Brief:
Starting at the first line of the data, please print exactly those lines through the one that holds "In- & Outdoor-Teppich", omitting every picture.

Input data:
::::
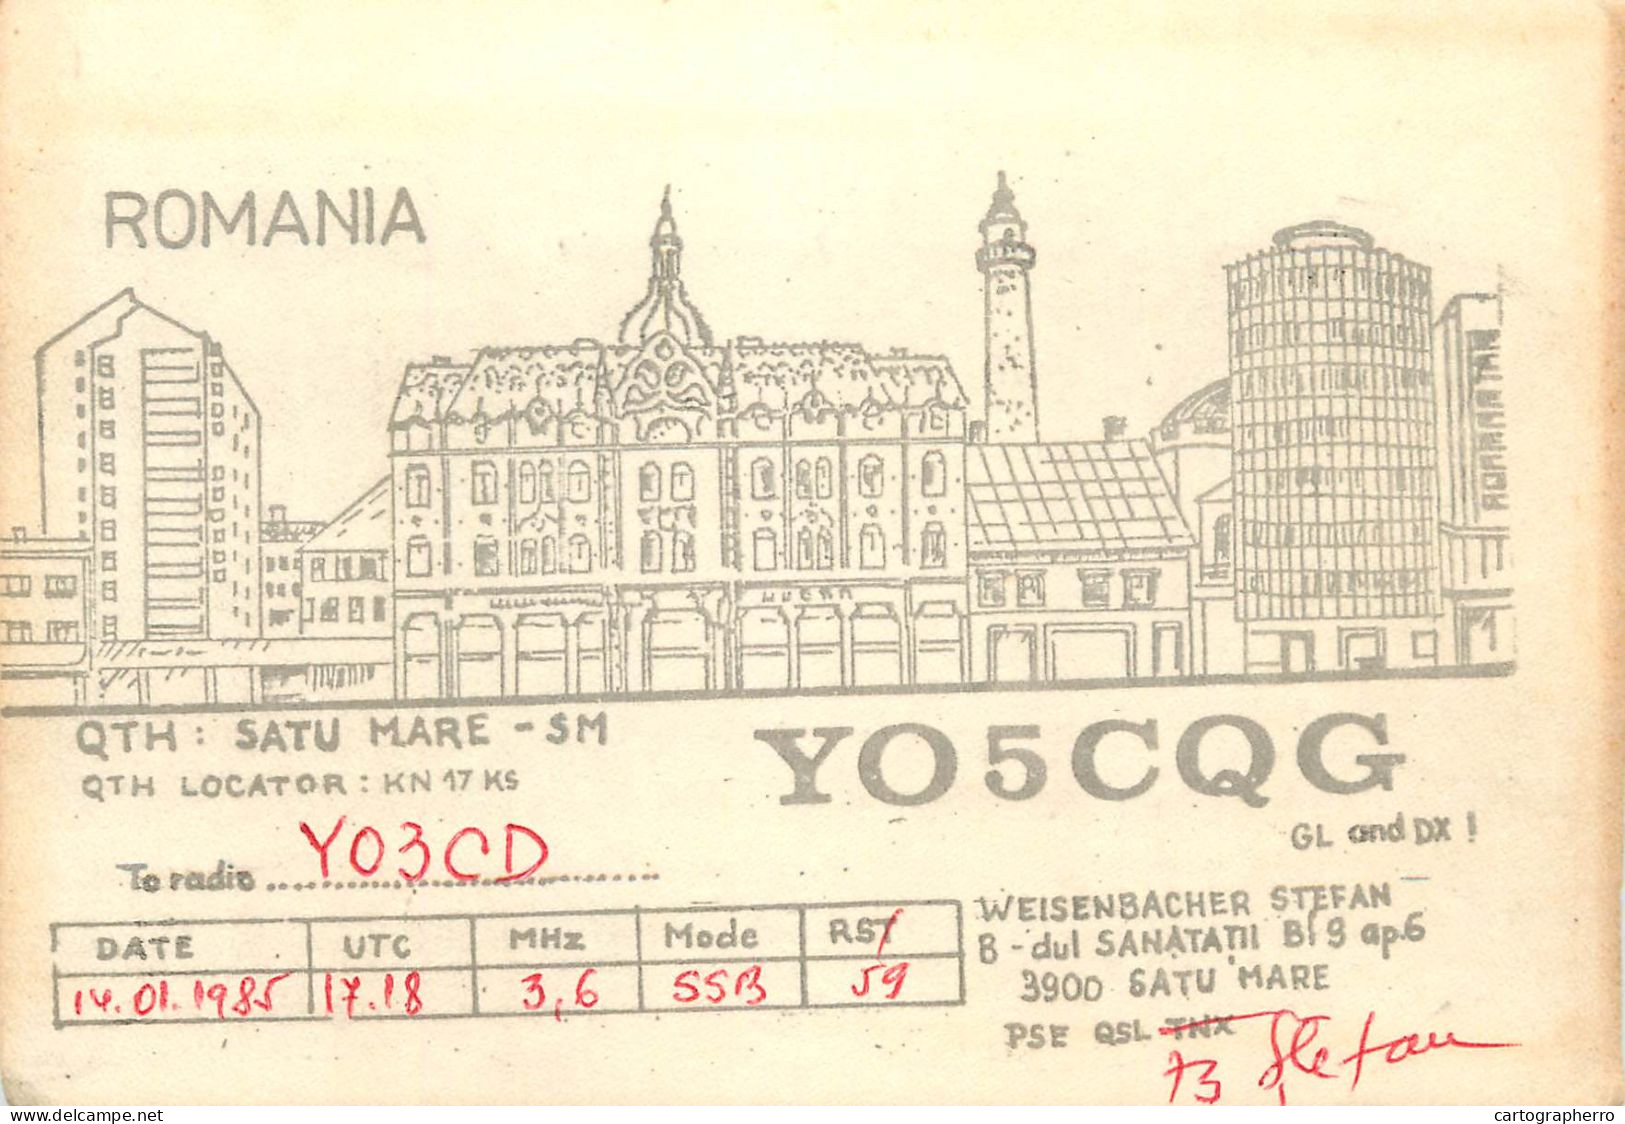 Romania Radio Amateur QSL Post Card Y05CQC Y03CD - Radio Amateur
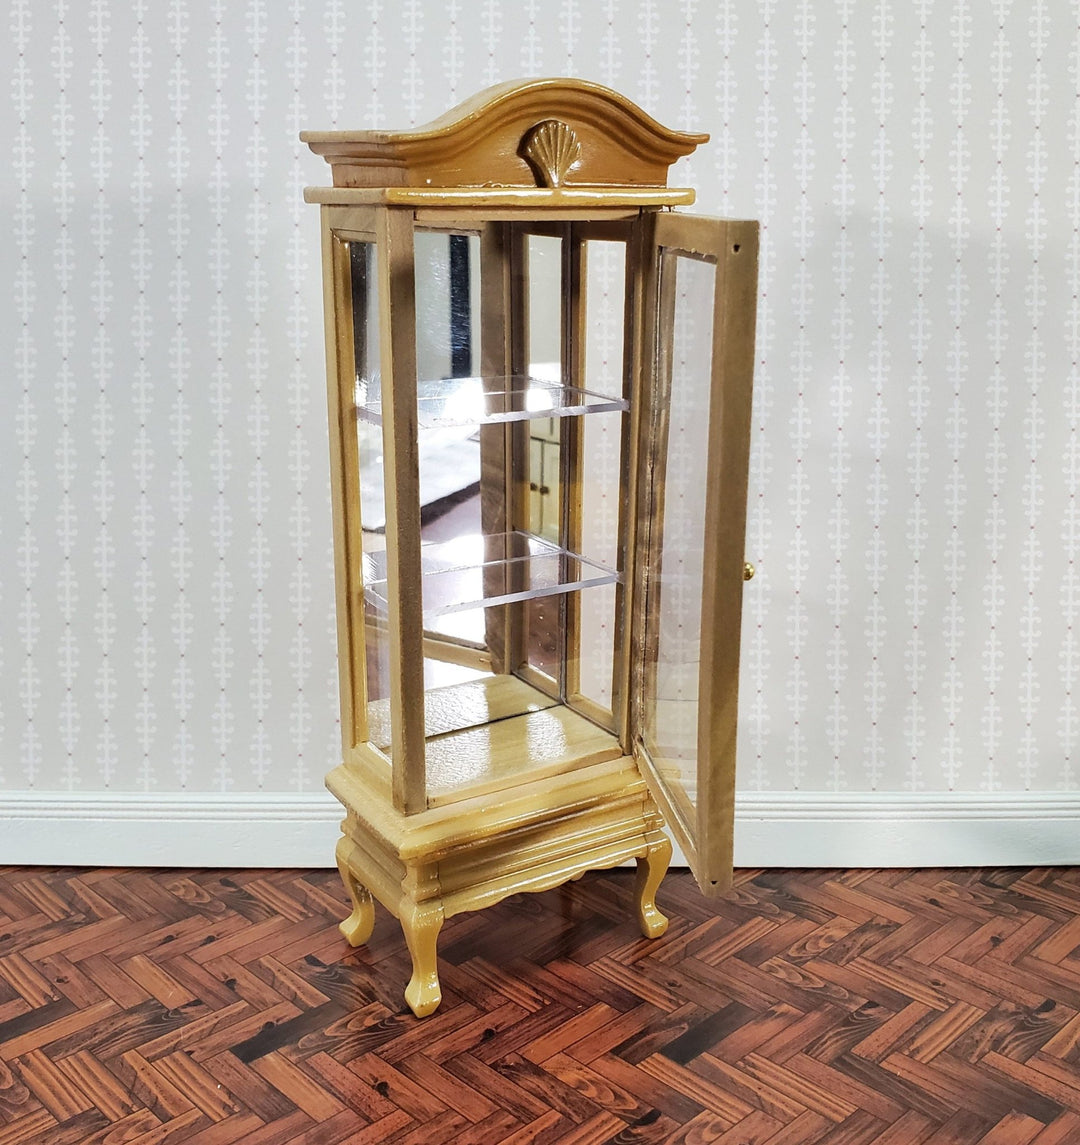 Dollhouse Curio Cabinet Mirrored Back Hutch Light Oak Finish 1:12 Scale Miniature Furniture - Miniature Crush
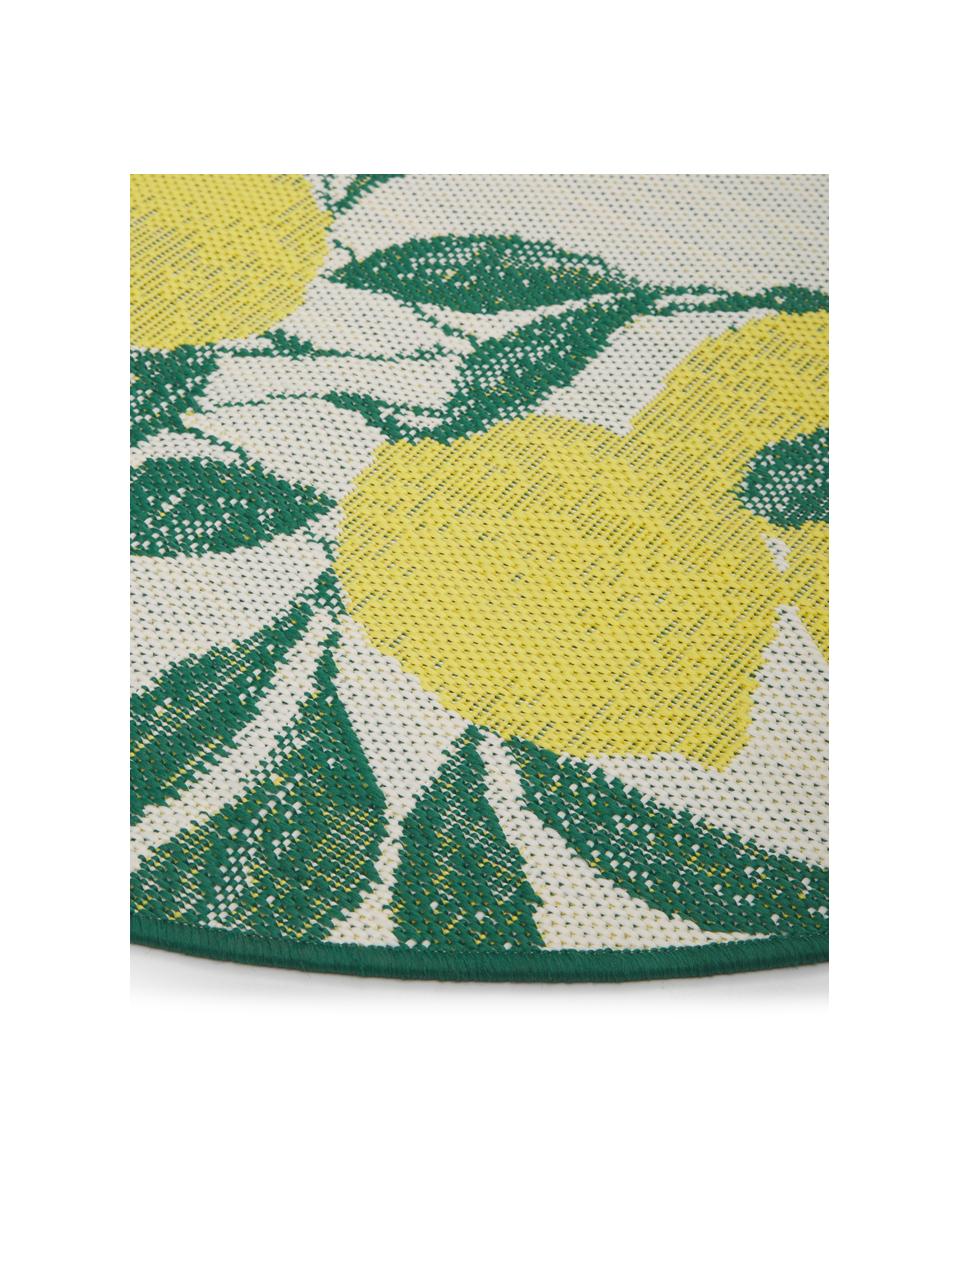 In- & Outdoor-Teppich Limonia mit Zitronen Print, 86% Polypropylen, 14% Polyester, Weiss,Gelb,Grün, Ø 140 cm (Grösse M)
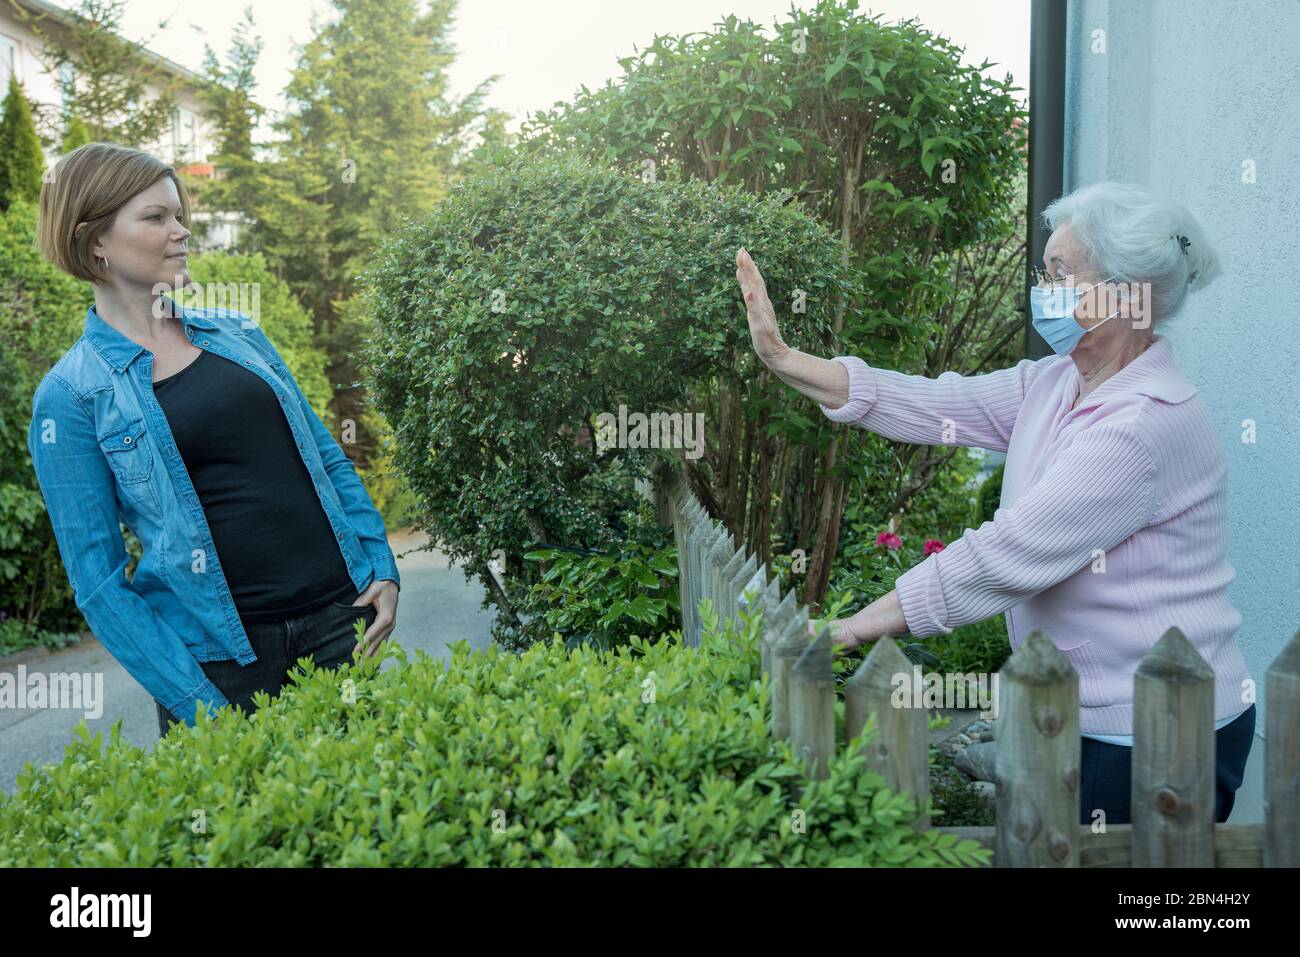 La mujer mayor con máscara facial muestra la distancia de seguridad a la mujer vecina Foto de stock
::::
Reply to the exercise:
 Romania Radio Amateur QSL Post Card Y05CQC Y03CD - Radio Amateur
 Dollhouse Curio Cabinet Mirrored Back Hutch Light Oak Finish 1:12 Scale Miniature Furniture - Miniature Crush
 In- & Outdoor-Teppich Limonia mit Zitronen Print, 86% Polypropylen, 14% Polyester, Weiss,Gelb,Grün, Ø 140 cm (Grösse M)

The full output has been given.